Stored entries

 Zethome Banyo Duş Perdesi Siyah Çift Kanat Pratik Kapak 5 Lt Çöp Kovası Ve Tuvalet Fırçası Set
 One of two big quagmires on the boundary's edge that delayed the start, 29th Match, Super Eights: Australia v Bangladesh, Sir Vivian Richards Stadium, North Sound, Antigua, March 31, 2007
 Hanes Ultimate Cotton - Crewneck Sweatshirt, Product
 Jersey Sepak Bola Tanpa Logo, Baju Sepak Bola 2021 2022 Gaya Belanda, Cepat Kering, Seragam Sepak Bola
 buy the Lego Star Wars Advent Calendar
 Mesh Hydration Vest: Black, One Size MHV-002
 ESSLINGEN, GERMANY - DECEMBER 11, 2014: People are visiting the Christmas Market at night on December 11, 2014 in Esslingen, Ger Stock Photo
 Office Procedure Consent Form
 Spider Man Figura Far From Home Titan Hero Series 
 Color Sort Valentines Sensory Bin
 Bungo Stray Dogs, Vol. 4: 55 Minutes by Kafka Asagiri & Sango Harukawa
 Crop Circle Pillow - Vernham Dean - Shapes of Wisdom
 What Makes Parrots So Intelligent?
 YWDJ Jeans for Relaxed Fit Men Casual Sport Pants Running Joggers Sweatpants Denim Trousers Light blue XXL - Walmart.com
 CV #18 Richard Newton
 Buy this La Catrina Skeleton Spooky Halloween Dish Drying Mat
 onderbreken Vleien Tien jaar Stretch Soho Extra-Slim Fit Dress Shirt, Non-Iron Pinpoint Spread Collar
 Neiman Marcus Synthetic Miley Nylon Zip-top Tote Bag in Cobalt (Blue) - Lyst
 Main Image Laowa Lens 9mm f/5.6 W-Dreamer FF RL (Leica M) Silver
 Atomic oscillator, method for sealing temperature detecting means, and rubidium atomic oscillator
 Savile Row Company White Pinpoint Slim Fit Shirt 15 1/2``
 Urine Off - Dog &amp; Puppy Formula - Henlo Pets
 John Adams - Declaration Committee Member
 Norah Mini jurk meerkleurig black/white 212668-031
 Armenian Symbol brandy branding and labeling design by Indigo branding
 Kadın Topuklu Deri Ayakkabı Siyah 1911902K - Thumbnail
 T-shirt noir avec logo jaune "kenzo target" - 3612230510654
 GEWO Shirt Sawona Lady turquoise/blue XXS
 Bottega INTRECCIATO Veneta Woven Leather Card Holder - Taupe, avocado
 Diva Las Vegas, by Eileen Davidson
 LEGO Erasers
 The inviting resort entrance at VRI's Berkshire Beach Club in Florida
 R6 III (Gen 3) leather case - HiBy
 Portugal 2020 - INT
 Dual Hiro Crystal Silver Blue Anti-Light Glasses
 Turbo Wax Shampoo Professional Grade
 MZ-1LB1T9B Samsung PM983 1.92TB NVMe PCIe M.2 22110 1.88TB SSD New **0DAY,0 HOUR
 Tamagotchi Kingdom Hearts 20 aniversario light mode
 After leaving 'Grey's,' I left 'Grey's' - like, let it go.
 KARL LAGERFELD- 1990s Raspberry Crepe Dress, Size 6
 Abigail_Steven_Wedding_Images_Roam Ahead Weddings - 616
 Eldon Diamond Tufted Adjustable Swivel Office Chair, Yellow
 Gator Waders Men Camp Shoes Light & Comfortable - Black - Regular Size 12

## AIM OF THE TASK
Make sure every record is repeated exactly.

## SOLUTION FOR THIS EXERCISE
 Zethome Banyo Duş Perdesi Siyah Çift Kanat Pratik Kapak 5 Lt Çöp Kovası Ve Tuvalet Fırçası Set
 One of two big quagmires on the boundary's edge that delayed the start, 29th Match, Super Eights: Australia v Bangladesh, Sir Vivian Richards Stadium, North Sound, Antigua, March 31, 2007
 Hanes Ultimate Cotton - Crewneck Sweatshirt, Product
 Jersey Sepak Bola Tanpa Logo, Baju Sepak Bola 2021 2022 Gaya Belanda, Cepat Kering, Seragam Sepak Bola
 buy the Lego Star Wars Advent Calendar
 Mesh Hydration Vest: Black, One Size MHV-002
 ESSLINGEN, GERMANY - DECEMBER 11, 2014: People are visiting the Christmas Market at night on December 11, 2014 in Esslingen, Ger Stock Photo
 Office Procedure Consent Form
 Spider Man Figura Far From Home Titan Hero Series 
 Color Sort Valentines Sensory Bin
 Bungo Stray Dogs, Vol. 4: 55 Minutes by Kafka Asagiri & Sango Harukawa
 Crop Circle Pillow - Vernham Dean - Shapes of Wisdom
 What Makes Parrots So Intelligent?
 YWDJ Jeans for Relaxed Fit Men Casual Sport Pants Running Joggers Sweatpants Denim Trousers Light blue XXL - Walmart.com
 CV #18 Richard Newton
 Buy this La Catrina Skeleton Spooky Halloween Dish Drying Mat
 onderbreken Vleien Tien jaar Stretch Soho Extra-Slim Fit Dress Shirt, Non-Iron Pinpoint Spread Collar
 Neiman Marcus Synthetic Miley Nylon Zip-top Tote Bag in Cobalt (Blue) - Lyst
 Main Image Laowa Lens 9mm f/5.6 W-Dreamer FF RL (Leica M) Silver
 Atomic oscillator, method for sealing temperature detecting means, and rubidium atomic oscillator
 Savile Row Company White Pinpoint Slim Fit Shirt 15 1/2``
 Urine Off - Dog &amp; Puppy Formula - Henlo Pets
 John Adams - Declaration Committee Member
 Norah Mini jurk meerkleurig black/white 212668-031
 Armenian Symbol brandy branding and labeling design by Indigo branding
 Kadın Topuklu Deri Ayakkabı Siyah 1911902K - Thumbnail
 T-shirt noir avec logo jaune "kenzo target" - 3612230510654
 GEWO Shirt Sawona Lady turquoise/blue XXS
 Bottega INTRECCIATO Veneta Woven Leather Card Holder - Taupe, avocado
 Diva Las Vegas, by Eileen Davidson
 LEGO Erasers
 The inviting resort entrance at VRI's Berkshire Beach Club in Florida
 R6 III (Gen 3) leather case - HiBy
 Portugal 2020 - INT
 Dual Hiro Crystal Silver Blue Anti-Light Glasses
 Turbo Wax Shampoo Professional Grade
 MZ-1LB1T9B Samsung PM983 1.92TB NVMe PCIe M.2 22110 1.88TB SSD New **0DAY,0 HOUR
 Tamagotchi Kingdom Hearts 20 aniversario light mode
 After leaving 'Grey's,' I left 'Grey's' - like, let it go.
 KARL LAGERFELD- 1990s Raspberry Crepe Dress, Size 6
 Abigail_Steven_Wedding_Images_Roam Ahead Weddings - 616
 Eldon Diamond Tufted Adjustable Swivel Office Chair, Yellow
 Gator Waders Men Camp Shoes Light & Comfortable - Black - Regular Size 12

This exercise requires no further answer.